Continuing the theme of "simple pleasures" and, most likely, lots of beer, the Elimination challenge will see each cheftestant preparing a dish to be served at a pre-game tailgate party for fans of the Chicago Bears who, in case you are a total non-sports person like myself, play football. Dale's psyched, as a Chicago native (albeit one who doesn't seem to be sought out for local commentary) and die-hard sports nut, thinks he's got the skills to win, while Mark's only slightly nervous that he's "never played American football," which is okay since he's here to cook. In a slight twist on the norm, the fans will choose the top and bottom three dishes, which the judges will have the final say over who wins and who loses. Even though she's got immunity, Jen wants to win it -- yes, for Zoi -- since "the fact that Spike is still here and she's not is just total bullshit." I agree that Spike sucks, but Zoi totally deserved to go.
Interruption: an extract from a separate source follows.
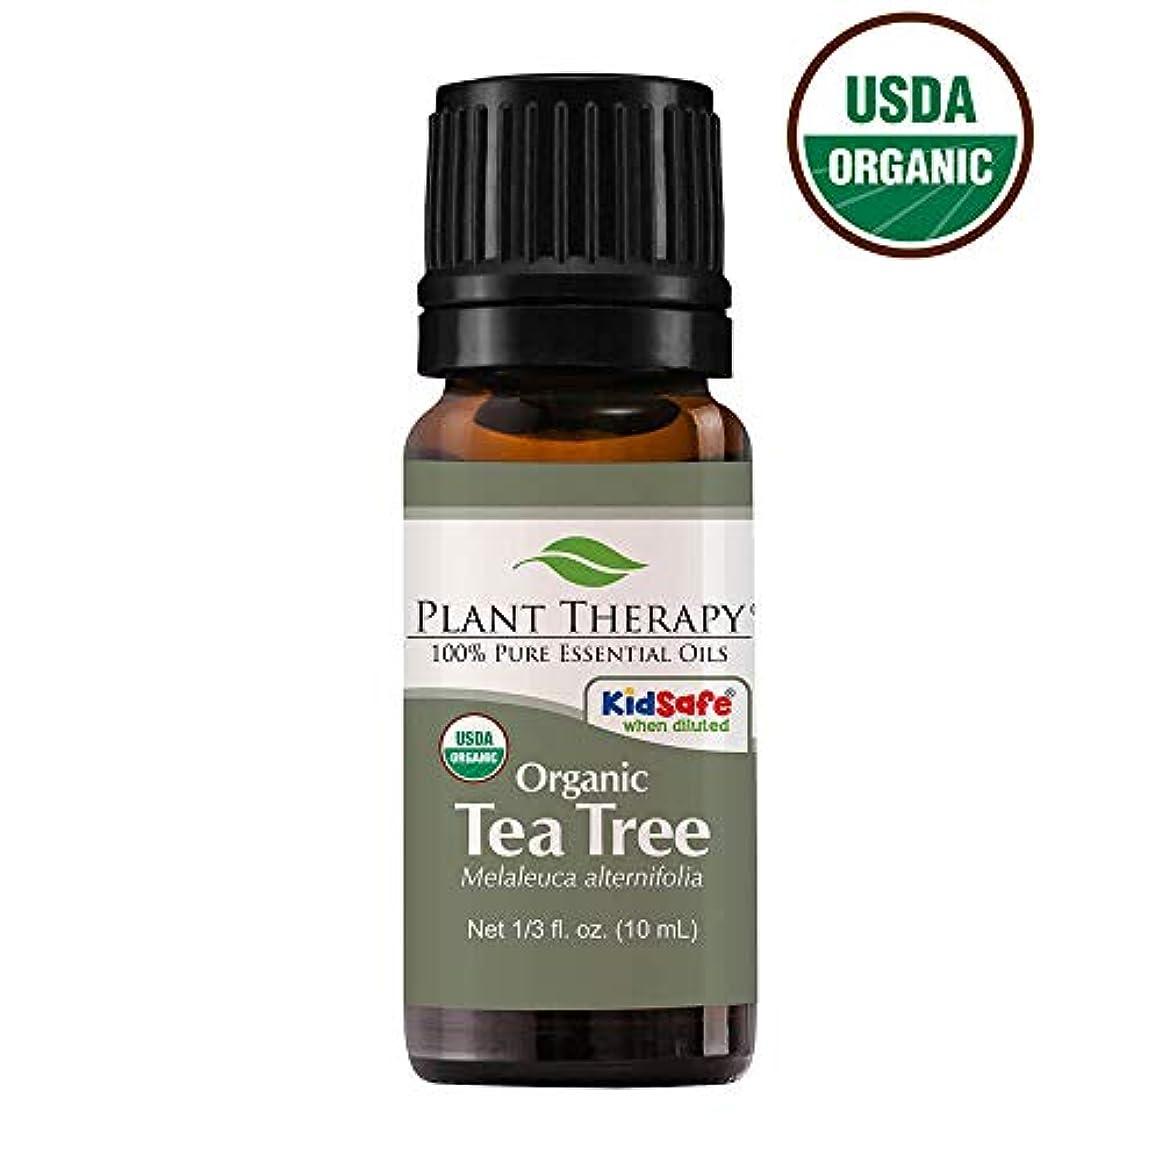 誘惑弱いフェローシップPlant Therapy Essential Oils (プラントセラピー エッセンシャルオイル) オーガニック ティーツリー (メラルーカ) エッセンシャルオイル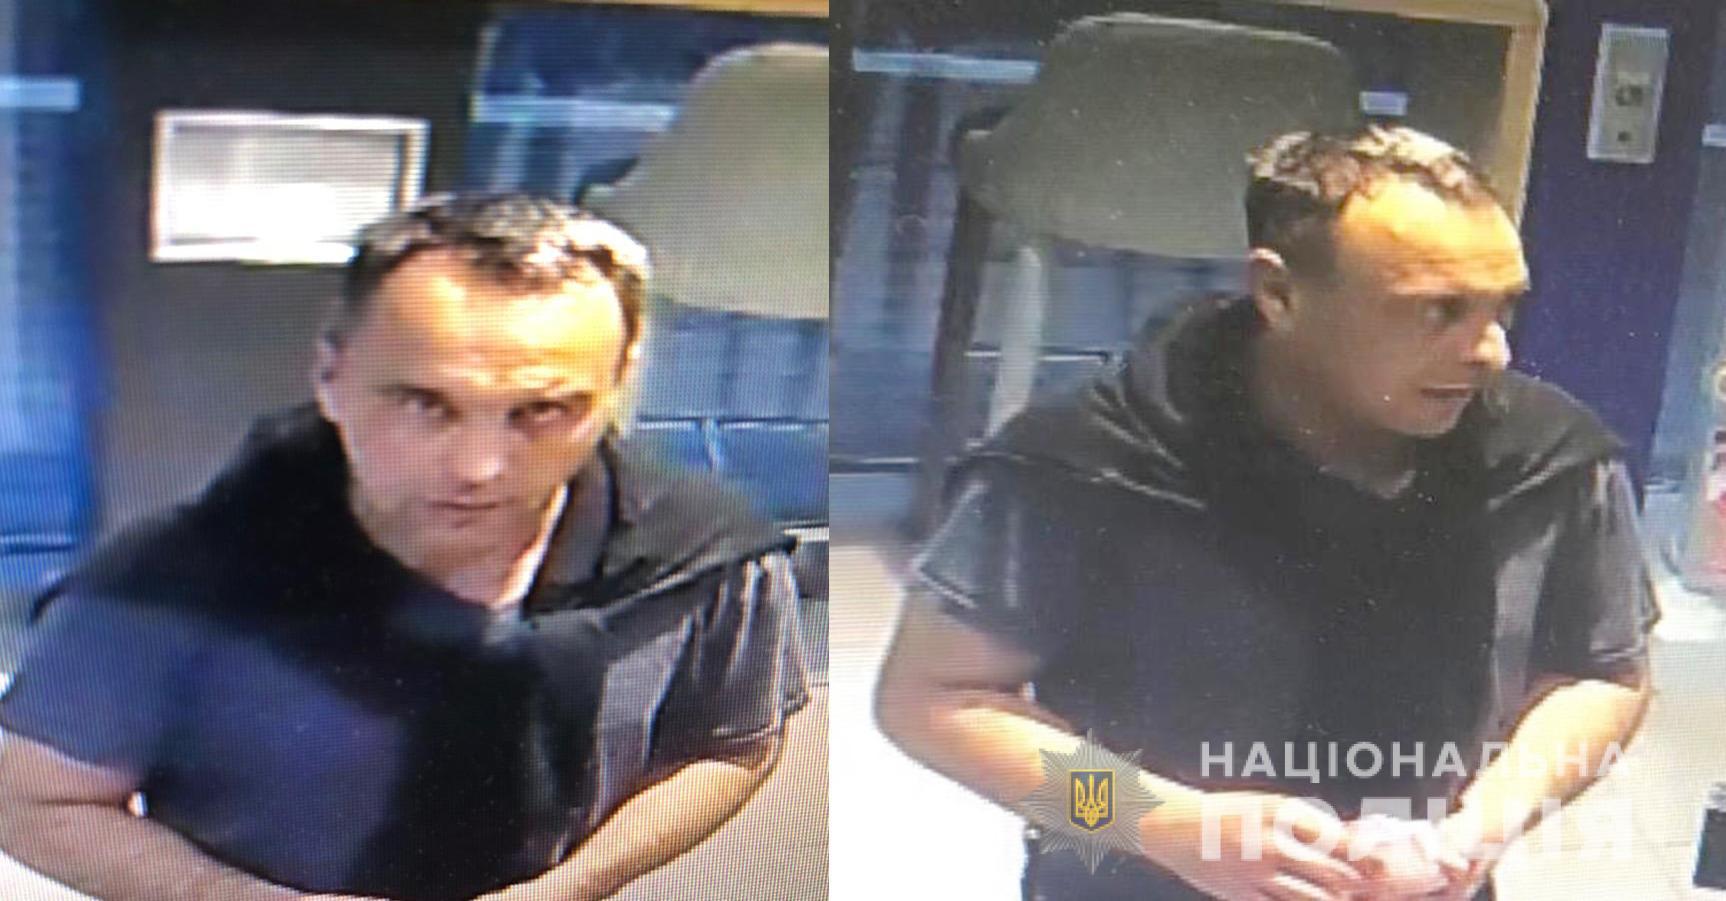 0911_YUvelir2 Увага, розшук грабіжників! За допомогу винагорода – 100 тисяч гривень

Spike, first at the Whole Foods door (where they have $350 and 30 minutes to spend), makes a beeline for predictability in the form of chicken wings, immediately snapping up as many as he possibly can and ensuring that no one else will be able to "wing" it. Thwarted in the wing department, Dale goes for ribs, while Richard, who feels tailgating is "not reflective of my cooking style," goes for 25 pounds of pork from which he will make, recalling a dish from his restaurant which seems no longer to exist (as far as my halfhearted web searching could tell), what he calls "a paté melt." It's "just a little bit more of being a wiseass," quips Richard ("wiseass" is actually related to the word I'd use, which would axe "wise" and add "hole"), as he has to explain that he's punning on the traditional patty melt. JUST IN CASE WE DIDN'T GET IT.
Nikki, pulling a bad Anna Wintour by wearing her aviator shades in the store (long night?), loves comfort food and immediately thinks "sausage and pepper hero" when she thinks football. She also buys shrimp "in case someone doesn't eat sausage," like maybe Jen or Koren. Mark notices that a few people are homing in on the shrimp, which cramps his "throw a shrimp on the Barbie" roots, so he's going for chicken skewers and chowder. Ryan, a self-proclaimed "metrosexual," doesn't like sports and spends his "money on good clothes, I like to go out and dance." Sometimes, when Ryan starts talking, I want to like him for a second, and then he keeps talking, and I just can't. He's going to do it his way -- "California tailgating" -- and knocks fists with the butcher in a way that signifies douchebag the world over, before joking to the clerk that she can put all of his food on Mark's bill. God, it's hard to type when I'm laughing so hard.